- **Problem statement**
The records below hold a stretch from the line with "Arem-arem, a traditional" through the line with "Knitted quilt made of 25 knitted squares"; return exactly those lines, ends included, and nothing more.

- **Records for this exercise**
================================

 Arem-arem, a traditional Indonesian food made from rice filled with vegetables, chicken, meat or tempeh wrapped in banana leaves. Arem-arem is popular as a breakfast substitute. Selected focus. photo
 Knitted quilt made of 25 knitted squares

================================

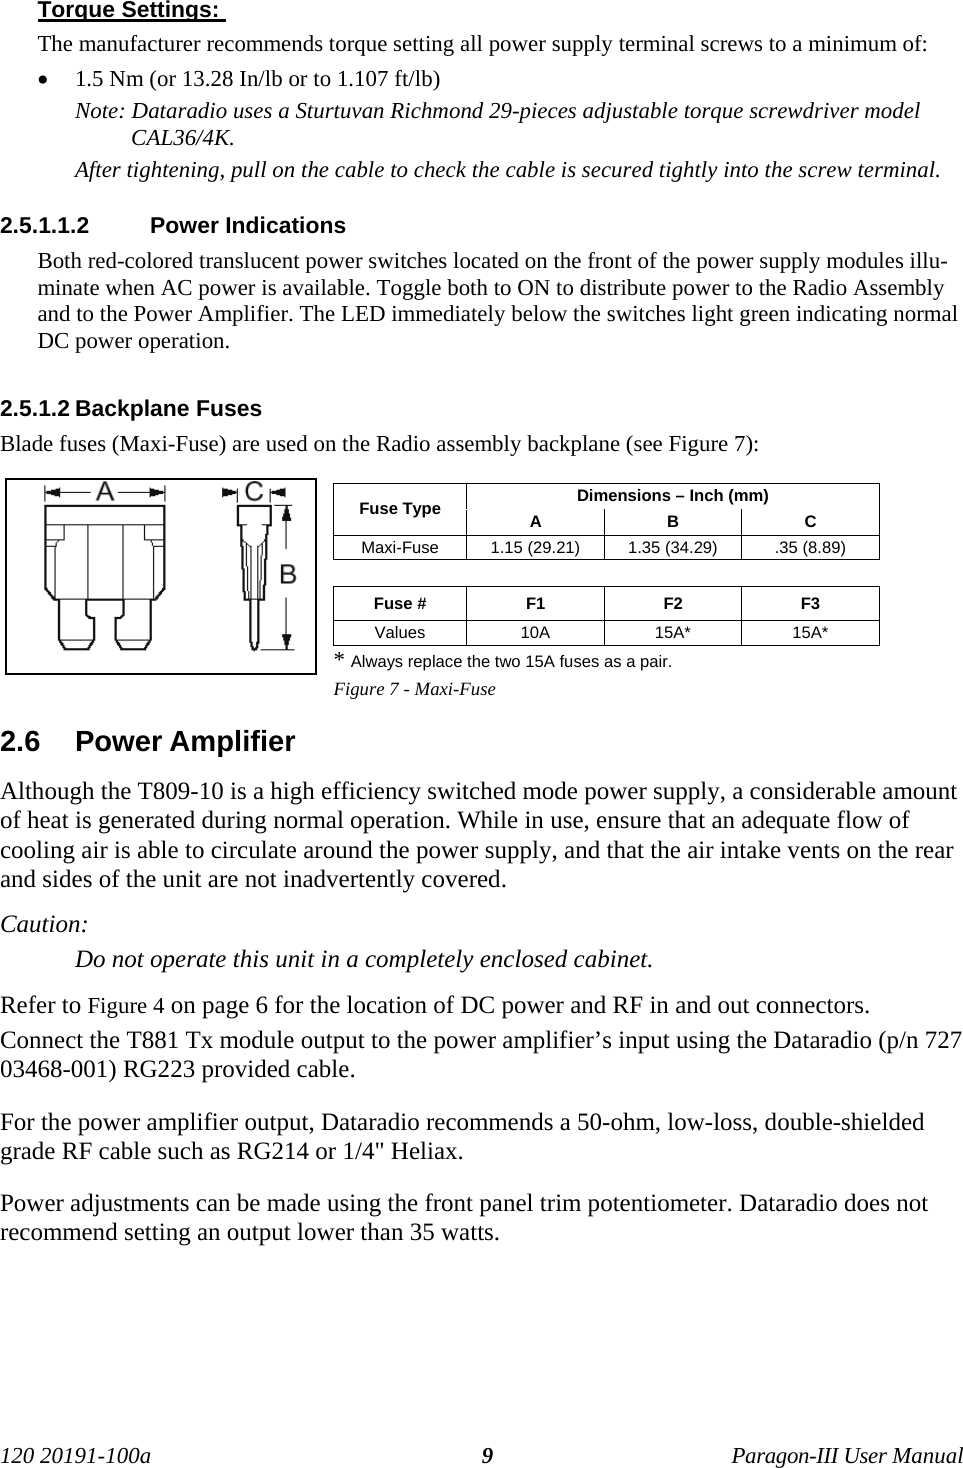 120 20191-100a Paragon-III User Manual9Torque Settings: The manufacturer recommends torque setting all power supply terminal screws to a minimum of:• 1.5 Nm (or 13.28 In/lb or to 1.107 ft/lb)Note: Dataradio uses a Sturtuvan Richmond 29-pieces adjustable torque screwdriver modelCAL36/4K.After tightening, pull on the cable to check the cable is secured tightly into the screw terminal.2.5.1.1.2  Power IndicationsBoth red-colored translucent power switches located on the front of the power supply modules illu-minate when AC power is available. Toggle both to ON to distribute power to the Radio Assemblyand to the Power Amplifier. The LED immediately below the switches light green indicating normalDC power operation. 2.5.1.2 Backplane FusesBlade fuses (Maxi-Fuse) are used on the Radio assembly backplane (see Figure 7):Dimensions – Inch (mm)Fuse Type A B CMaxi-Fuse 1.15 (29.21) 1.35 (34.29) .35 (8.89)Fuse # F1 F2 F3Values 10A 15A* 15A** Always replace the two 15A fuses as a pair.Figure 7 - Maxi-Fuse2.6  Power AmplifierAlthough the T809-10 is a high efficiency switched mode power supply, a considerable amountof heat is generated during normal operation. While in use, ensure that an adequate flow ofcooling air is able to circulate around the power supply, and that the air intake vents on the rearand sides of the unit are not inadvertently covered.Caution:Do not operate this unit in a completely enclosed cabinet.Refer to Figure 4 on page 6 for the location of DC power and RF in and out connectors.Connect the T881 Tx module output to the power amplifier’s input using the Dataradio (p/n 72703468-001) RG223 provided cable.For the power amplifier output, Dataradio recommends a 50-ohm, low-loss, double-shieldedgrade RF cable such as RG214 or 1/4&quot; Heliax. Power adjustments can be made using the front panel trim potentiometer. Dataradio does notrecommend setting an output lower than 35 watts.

================================

- **Result of this task**
 Arem-arem, a traditional Indonesian food made from rice filled with vegetables, chicken, meat or tempeh wrapped in banana leaves. Arem-arem is popular as a breakfast substitute. Selected focus. photo
 Knitted quilt made of 25 knitted squares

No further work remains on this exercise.